All this not only confuses tort theory but also harms a perfectly legal industry. This litigation distorts the legal theory behind tort liability, promotes erroneous presumptions about gun manufacturers, draws unfair parallels between the harms of firearms and tobacco, causes negative economic repercussions on the market, misconstrues the role of the judiciary, and displaces individual responsibility for crime.


Tort actions against firearms manufacturers for non-defective products usually involve a few main elements: a manufacturer, an assailant, a victim, and sometimes a retailer. Plaintiffs' attorneys assume that the manufacturers are negligent because they produced a non-defective product that caused harm. Plaintiffs' attorneys also ignore an assailant's responsibility and sue manufacturers, who are a much more remote cause to the final injury, in part because manufacturers have deeper pockets than assailants. Retailers are targeted on the argument that but for their negligence in the sale, the shooting not have occurred. These arguments have a conceptually weak basis in tort law.

A. Tort Theory and Cases

Tort suits against gun manufacturers for non-defective products entail the misuse of legal standards and erroneous assumptions. Because this article deals only with non-defective products, it will omit "non-defective" for the sake of in further discussion.

1. Traditional Tort Theory

Tort theory assumes that responsibility for injury is proved if the plaintiff can establish that the defendant has breached a duty and was the cause of the injury. A manufacturer, by placing a product in the stream of commerce, assumes a "special duty" to the customer, and in view of the assumption if that duty, the consumer is reasonable in believing that the product is safe for the purpose for which it was designed and manufactured. The special duty is presumed to be the manufacturer's because it, unlike the consuming public, has the ability to control the risks inherent in the product.

There are two generally recognized theories of strict liability.

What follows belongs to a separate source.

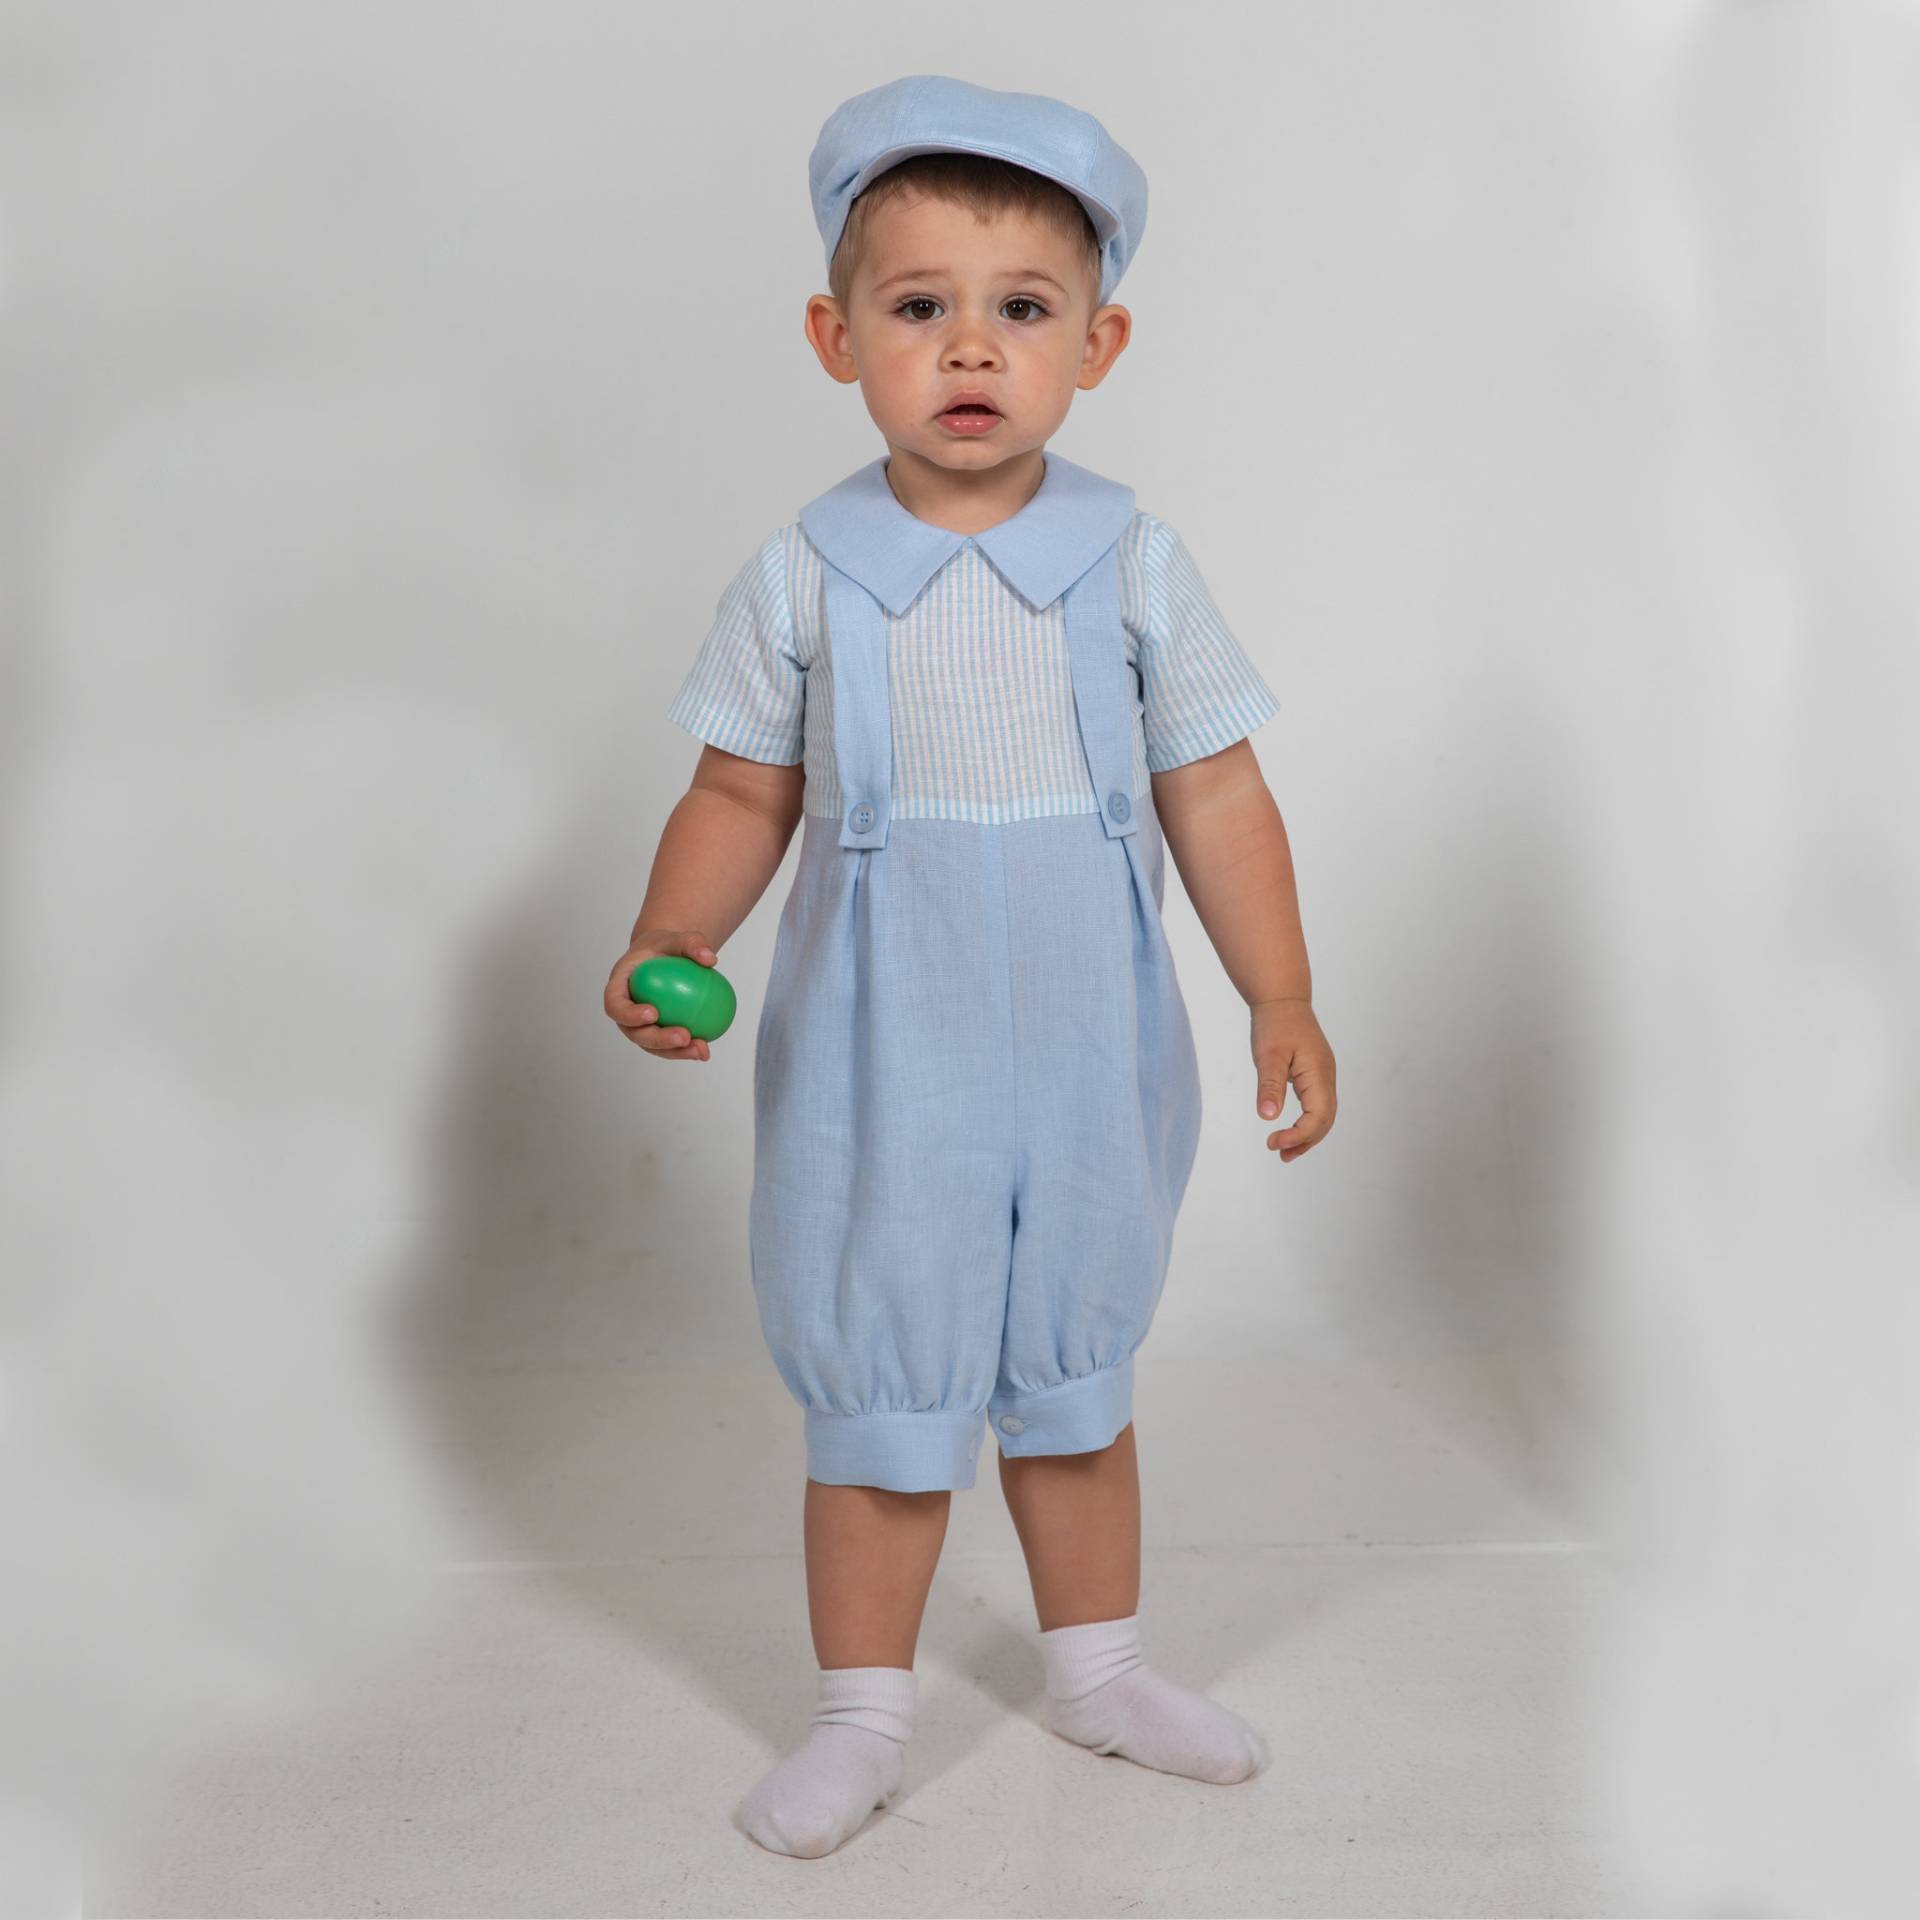 Baby Hellblau Outfit, Kleinkind Strampler + Mütze, Taufanzug, Leinen Mit Hosenträgern, Overall, Overall von Graccia

One is based on an activity that is "abnormally dangerous." The second involves a defective product that is unreasonably dangerous. Using the second theory, the courts generally determine the potential harm of the unreasonably dangerous product by using one of the tests: the consumer expectations test or the risk-benefit test.(1)

Sections 519 and 520 of the Restatement (Second) of Torts provide an excellent definition of liability from an abnormally dangerous activity:

(1) One who carries on an abnormally dangerous activity is subject to liability for harm to the person, land, or chattels of another resulting from the activity, although he has taken care to prevent such harm.

(2) This strict liability is limited to the kind of harm, the possibility of which makes the activity abnormally dangerous.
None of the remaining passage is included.